Setiap manusia menginterpretasi apa yang terjadi di
lingkungannya. Persoalan ini termasuk persoalan mikro, bukan pemahaman yang
menyeluruh tentang masyarakat karena, bagi interpretivis jauh lebih sukar untuk
menguraikan masyarakat yang merupakan hasil dari interpretasi sbagai “benar”

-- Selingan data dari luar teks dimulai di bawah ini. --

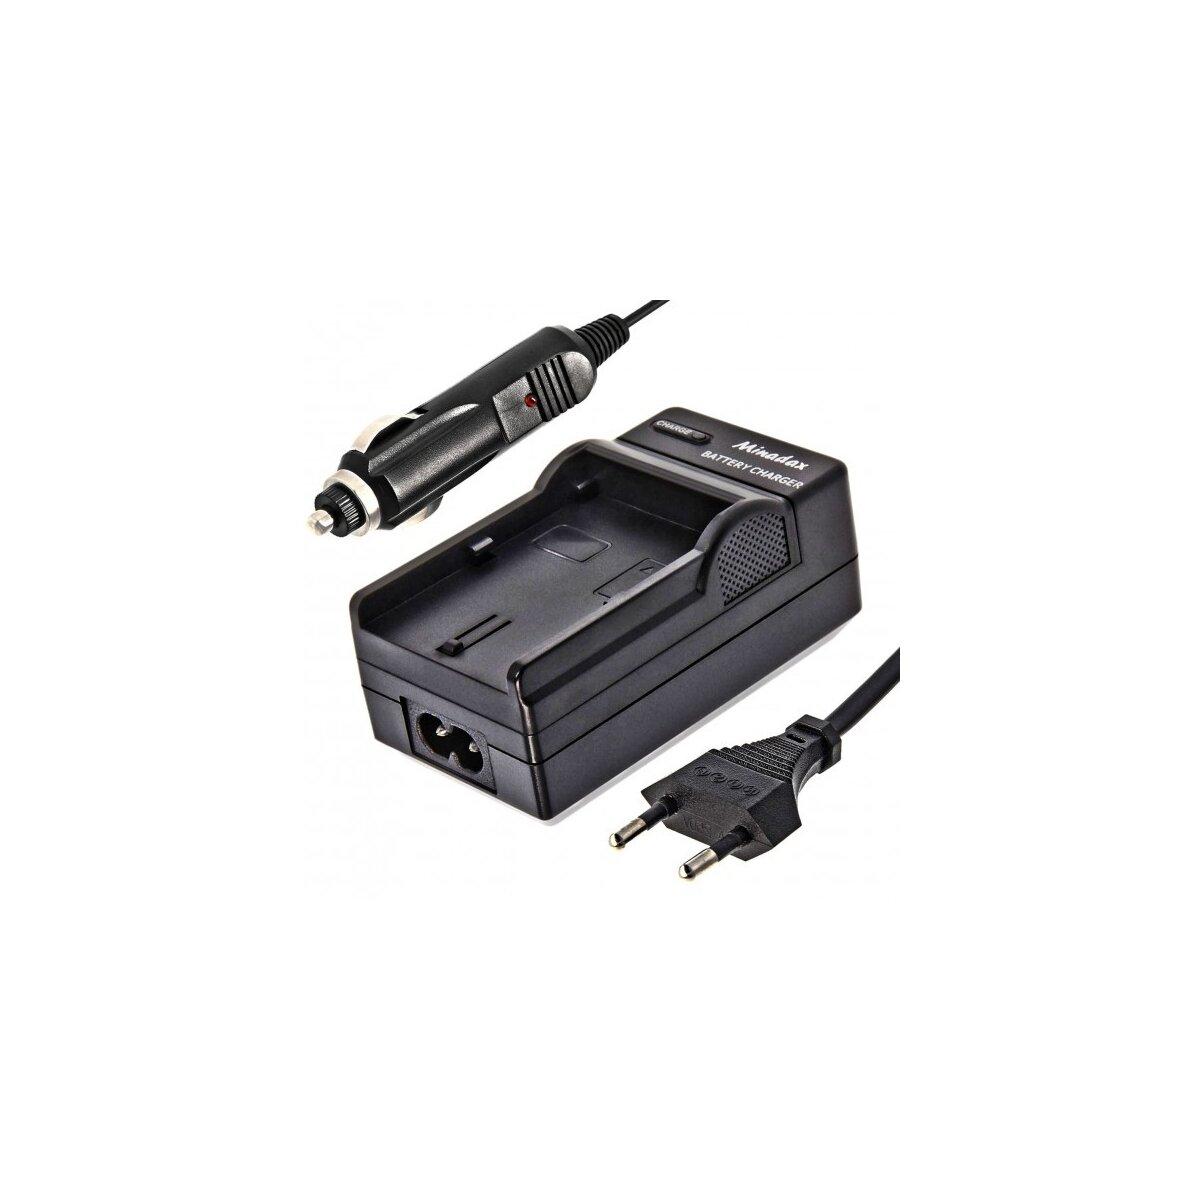 Minadax® Ladegeraet 100% kompatibel fuer Canon BP-511A, BP-512, BP-522, BP-535 inkl. Auto Ladekabel, Ladeschale austauschbar

dan “nyata”. (Jones, 2009: 28) Untuk memahami interpretasi seorang manusia atau
anak yang berkonflik dengan hukum, tentunya pendekatan yang kita gunakan yakni
pendekatan yang bersifat kualitatif, karena dalam penelitian kualitatif
beranggapan bahwa realitas yang terbangun berdasarkan pandangan subyektif
individu.
Interaksi
ABH terhadap Penghuni Rumah Tahanan
Interaksi
merupakan syarat utama terjadinya aktivitas-aktivitas sosial, atau nama lainnya
yakni proses sosial. Bentuk lain proses sosial hanya merupakan bentuk-bentuk
khusus dari interaksi sosial. Interaksi sosial merupakan hubungan-hubungan
sosial yang dinamis yang menyangkut hubungan antara orang-orang perorangan,
antara kelompok-kelompok manusia, maupun antara perorangan dengan kelompok.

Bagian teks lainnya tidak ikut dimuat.